Principal Engineer AI ML Infrastructure Engineer
130k - 160k USD
Remote
Full Time
#Engineering
#Infrastructure
#Linux
#Python
#BASH
#PHP
#Machine Learning
#Automation
#Benchmarking
#Troubleshooting
At Vultr, we are on a mission to make high-performance cloud computing accessible, affordable, and easy to use for developers and businesses across the globe. As the world’s largest privately-held cloud computing company, we have grown entirely through our own success without raising equity financing. Today, we support over 1.5 million customers in 185 countries, providing them with reliable cloud compute, storage, and GPU solutions from our network of 32 data centers. We are currently looking for a talented engineer to help us continue this journey and leave a lasting mark on the future of cloud infrastructure.
The opportunity
We are seeking a Principal Engineer for AI ML Infrastructure to join our central engineering team. This role is a vital part of our growth strategy, as you will take ownership of the setup, provisioning, and operational excellence of our GPU-based systems. You will work to ensure that our infrastructure remains fast, stable, and performant, directly impacting the experience of our customers who rely on our platform for their most demanding computational workloads.
A day in the life
- You will develop and maintain robust GPU infrastructure across both bare metal and containerized environments, working closely with our networking team to build scalable GPU clusters.
- You will conduct in-depth benchmarking, performance testing, and troubleshooting to identify hardware or software limitations and ensure consistent, reliable provisioning for our users.

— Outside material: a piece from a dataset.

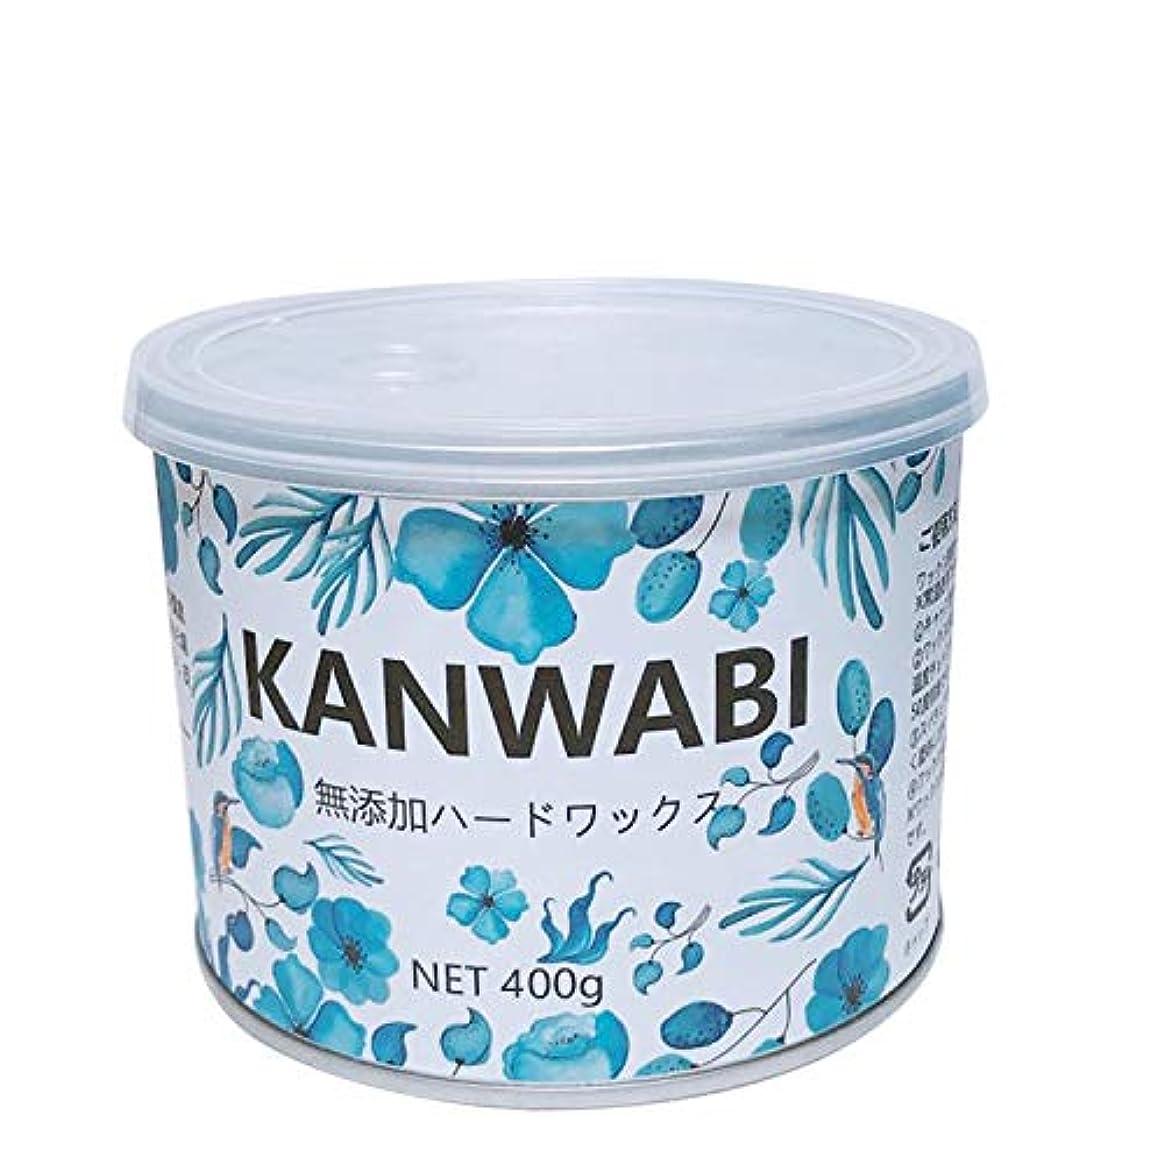 落花生一握り予防接種KANWABI 日本製脱毛ワックス ハードワックス400g

- You will act as a primary point of contact for hardware and software vendors, collaborating to resolve bugs, manage drivers, and implement reference architectures that meet the needs of diverse applications.
Who you are
You are a senior-level engineer with a deep technical background and a passion for high-performance computing. You communicate effectively in English and bring the following expertise to our team:
- Hands-on experience with modern, high-performance GPUs, specifically NVIDIA products like NVLink, Infiniband, and vGPU technologies.

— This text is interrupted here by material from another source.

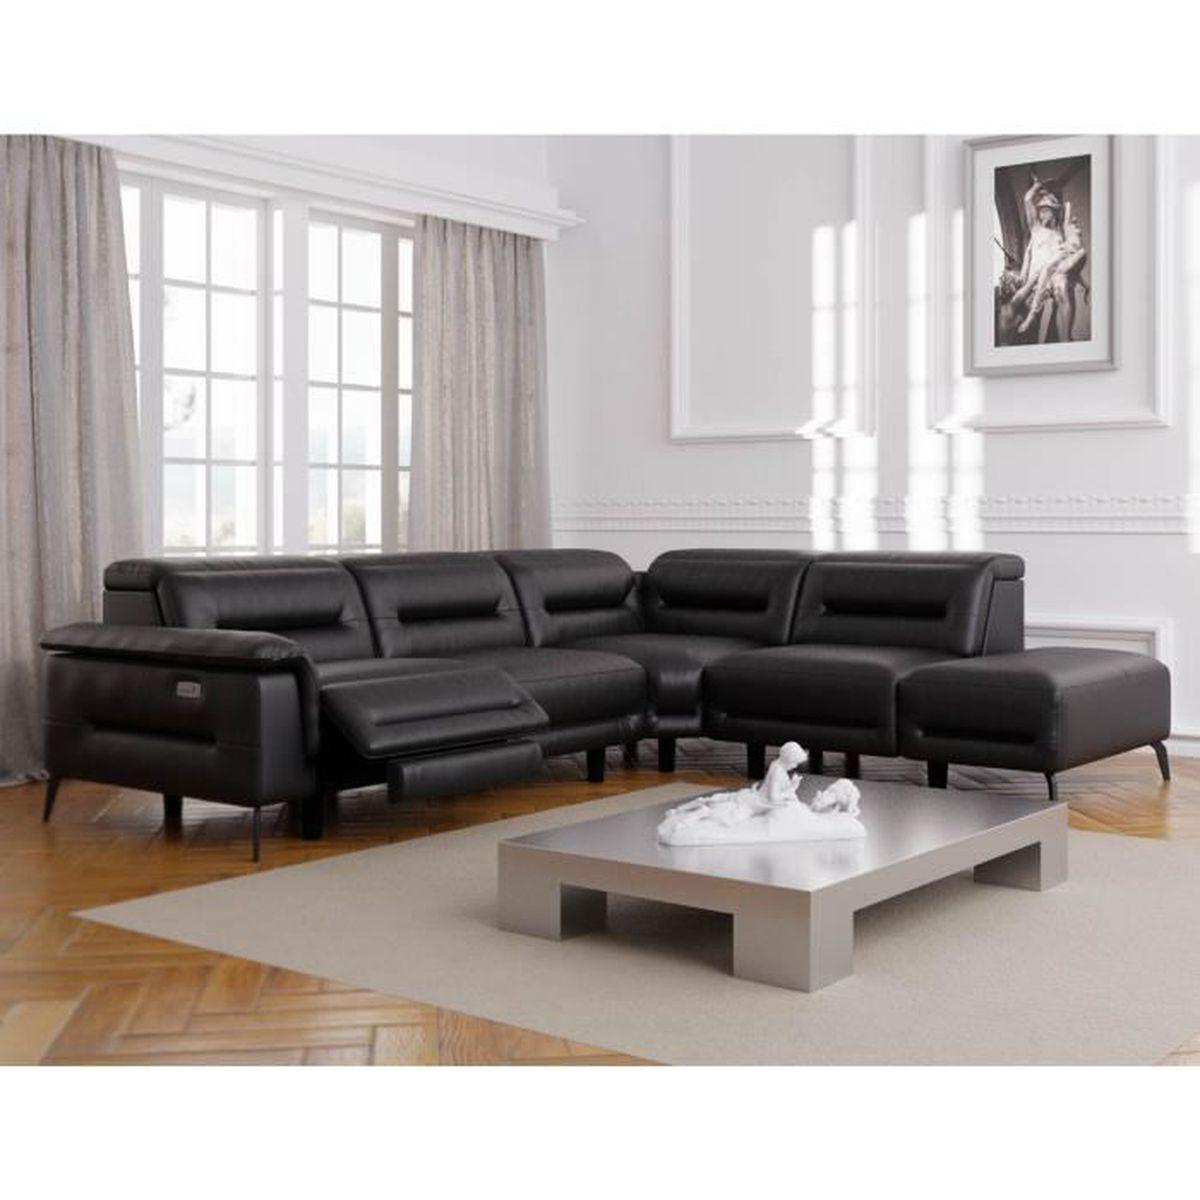 CANAPÉ - SOFA - DIVAN Canapé d'angle relax électrique design en simili c

- Extensive knowledge of bare metal internals, including firmware, BIOS, BMC, Redfish/IPMI, and PCIe automation.
- Strong proficiency in Linux, device drivers, and package management.
- Practical experience with Python, BASH, and PHP.
- Familiarity with machine learning software and large-scale infrastructure automation.
Why you'll love it here
We offer a salary range of $130,000 to $160,000, which may vary based on your specific background and location. Beyond the paycheck, we provide a supportive environment designed to help you thrive:
- A fully remote work environment that includes a company-wide get-together.
- A 401(k) plan with a 100% match up to 4% and immediate vesting.
- An annual professional development reimbursement of $2,500.
- Generous paid time off, including 11 holidays, a birthday day off, and increased leave as you reach work anniversaries.
- Financial support for your home office setup, monthly internet costs, and gym memberships.